Cada vez se alzan más voces que reclaman la supresión de las patentes de las vacunas contra la Covid 19 a fin de poder incrementar la producción. La semana pasada, el Grupo Parlamentario de Més per Mallorca presentaba una proposición no de ley en el Parlamento de las Islas Baleares «para compartir la propiedad intelectual de la vacuna y garantizar la equidad y el acceso». Al mismo tiempo, ERC y Junts per Cat han reclamado a la Unión Europea que apoye la supresión de las patentes de las vacunas en el marco de la Organización Mundial del Comercio para aumentar la producción global. India y Sudáfrica lo habrían propuesto formalmente en el marco de la Organización Mundial del Comercio, pero los estados de la Unión Europea (EU) lo rechazaron porque confían llegar a un acuerdo con las farmacéuticas que facilite la difusión de la tecnología y del conocimiento de sus vacunas. Sin duda, esta postura se puede calificar de ilusa después de que las farmacéuticas no hayan podido cumplir con los plazos acordados en los contratos con la UE.

La verdad es que resulta exasperante la lentitud con que llegan los lotes de vacunas en todo el mundo, con la excepción de algunos países como Israel y Reino Unido (después de salir de la UE) o de Rusia, que ha desarrollado su propia vacuna, la que ha resultado de gran eficacia en contra de los pronósticos del mundo occidental.

Aunque ha supuesto una gran alegría la rapidez con que los equipos de investigadores han encontrado las distintas vacunas contra la Covid, tener el remedio al alcance y no poder emplearlo masivamente nos provoca una gran frustración y mucho más a los habitantes de los países del Tercer Mundo, donde prácticamente no han comenzado las vacunaciones. Según la ONG Médicos sin Fronteras, los países ricos acaparan más de un 99% de las dosis suministradas hasta ahora.

Es evidente, por tanto, que nos encontramos ante un gran dilema moral: ¿qué es primero, la salud y la economía de toda la población mundial o los beneficios de las grandes empresas farmacéuticas? La respuesta es obvia, aunque los contrarios a la «expropiación» de las patentes tienen sus argumentos. El de más peso es que los proyectos de investigación son muy caros y que sin las expectativas de ganancias económicas las empresas privadas no investigarían. Olvidan, sin embargo, que los grandes consumidores de los frutos de la investigación son las administraciones públicas. De todos modos, se podrían mantener los contratos firmados hasta ahora, a la vez que se llega a un precio justo para la adquisición de las patentes. De hecho, según la exposición de motivos de la propuesta de Més, no es la primera vez que la Organización Mundial del Comercio ha tomado una decisión al respecto. En 2001, en plena pandemia del SIDA, se suspendieron los derechos intelectuales de los medicamentos contra el SIDA.

El objetivo sería que las decenas de industrias farmacéuticas de todo el mundo capacitadas para fabricar vacunas las pudieran suministrar a toda la población en pocos meses. Esta sería la única manera de acabar rápidamente con la pandemia y conseguir la inmunidad de grupo global que salvaría cientos de miles de vidas y evitaría una crisis económica de consecuencias bíblicas.

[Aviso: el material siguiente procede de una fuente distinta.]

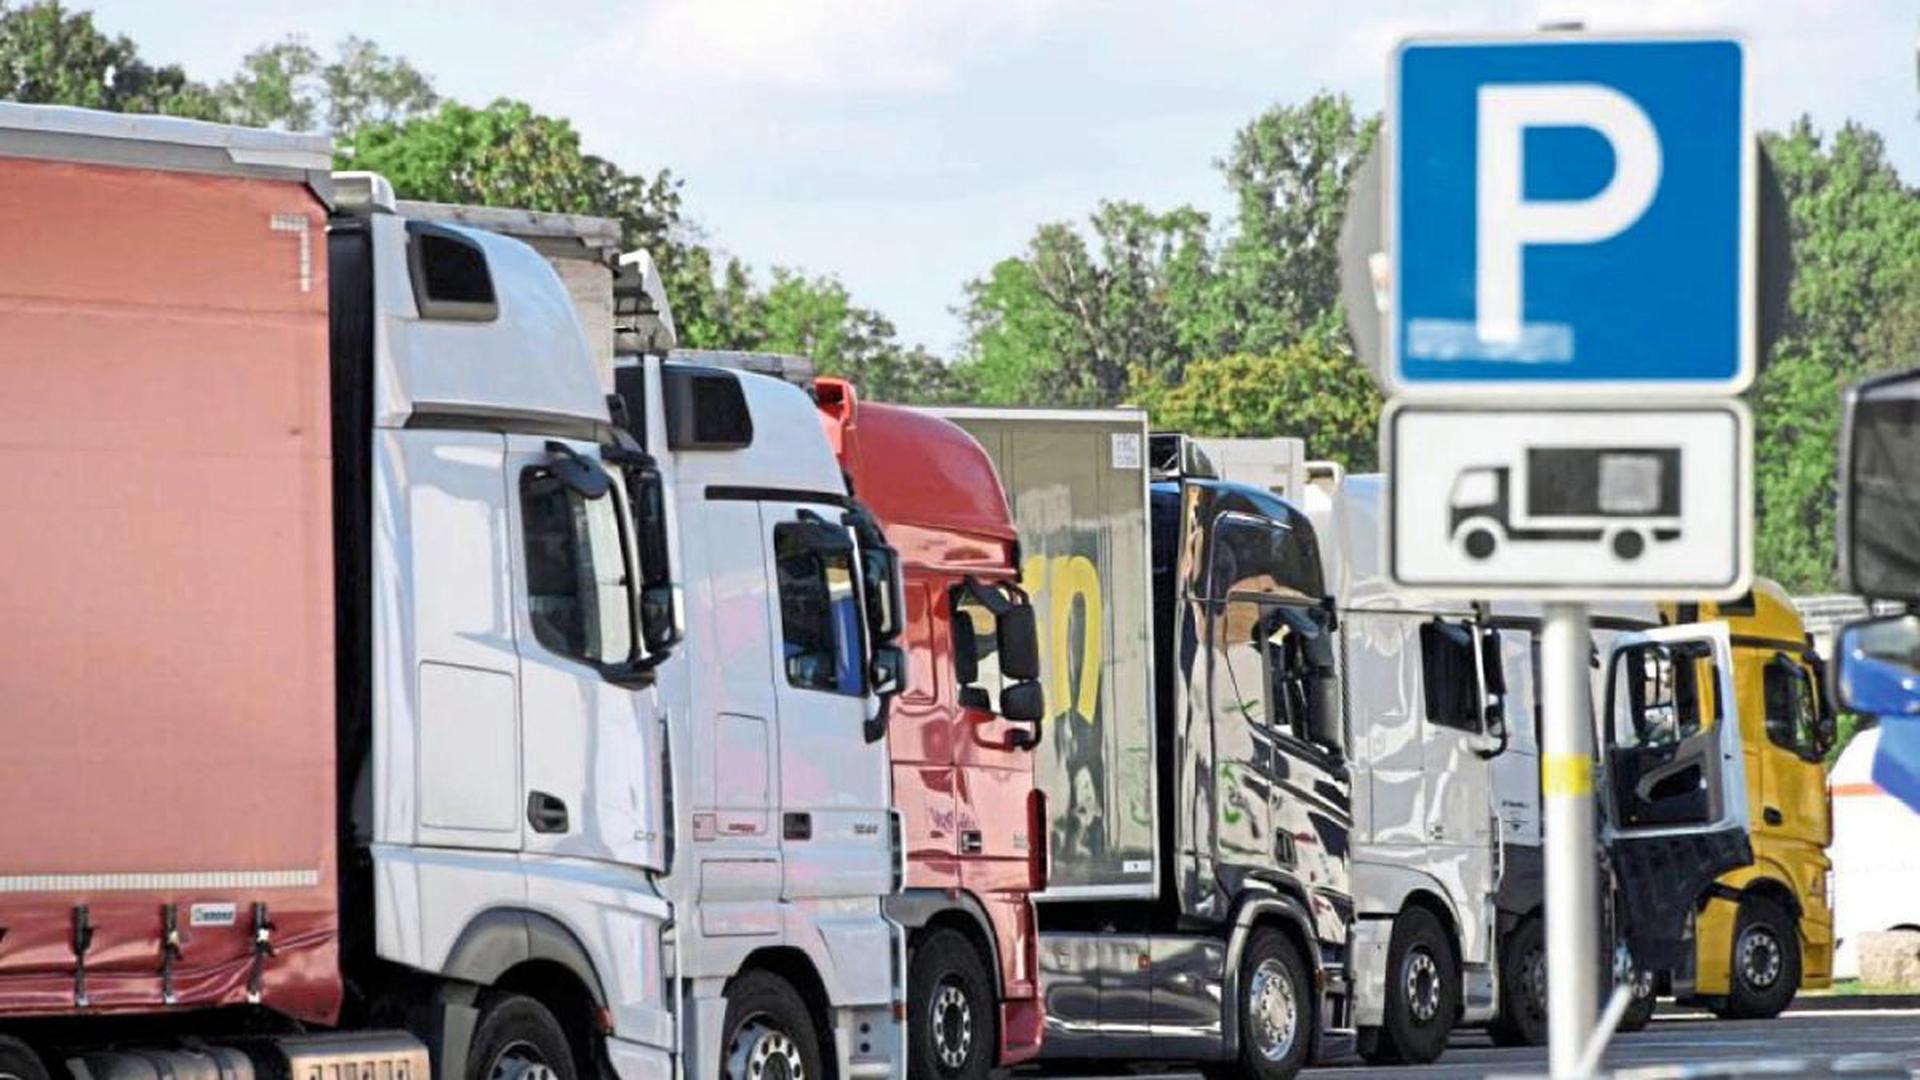 Parkplatz gesucht: Lastwagen stehen an der A5 bei Karlsruhe auf einem Rastplatz mit Lkw-Parkplätzen. Die mangelnden Stellplätze führen immer wieder zu brenzligen Situationen, wenn Fahrer falsch parken.

La amenaza es tan grave que tener el remedio en las manos y no ponerlo a disposición de toda la población debe considerarse un acto criminal. Y deberían exigirse responsabilidades penales a sus autores. En nuestro caso, unos burócratas europeos a los que no ha votado nadie y que dan prioridad a los beneficios económicos de unos pocos por encima de la salud de los ciudadanos.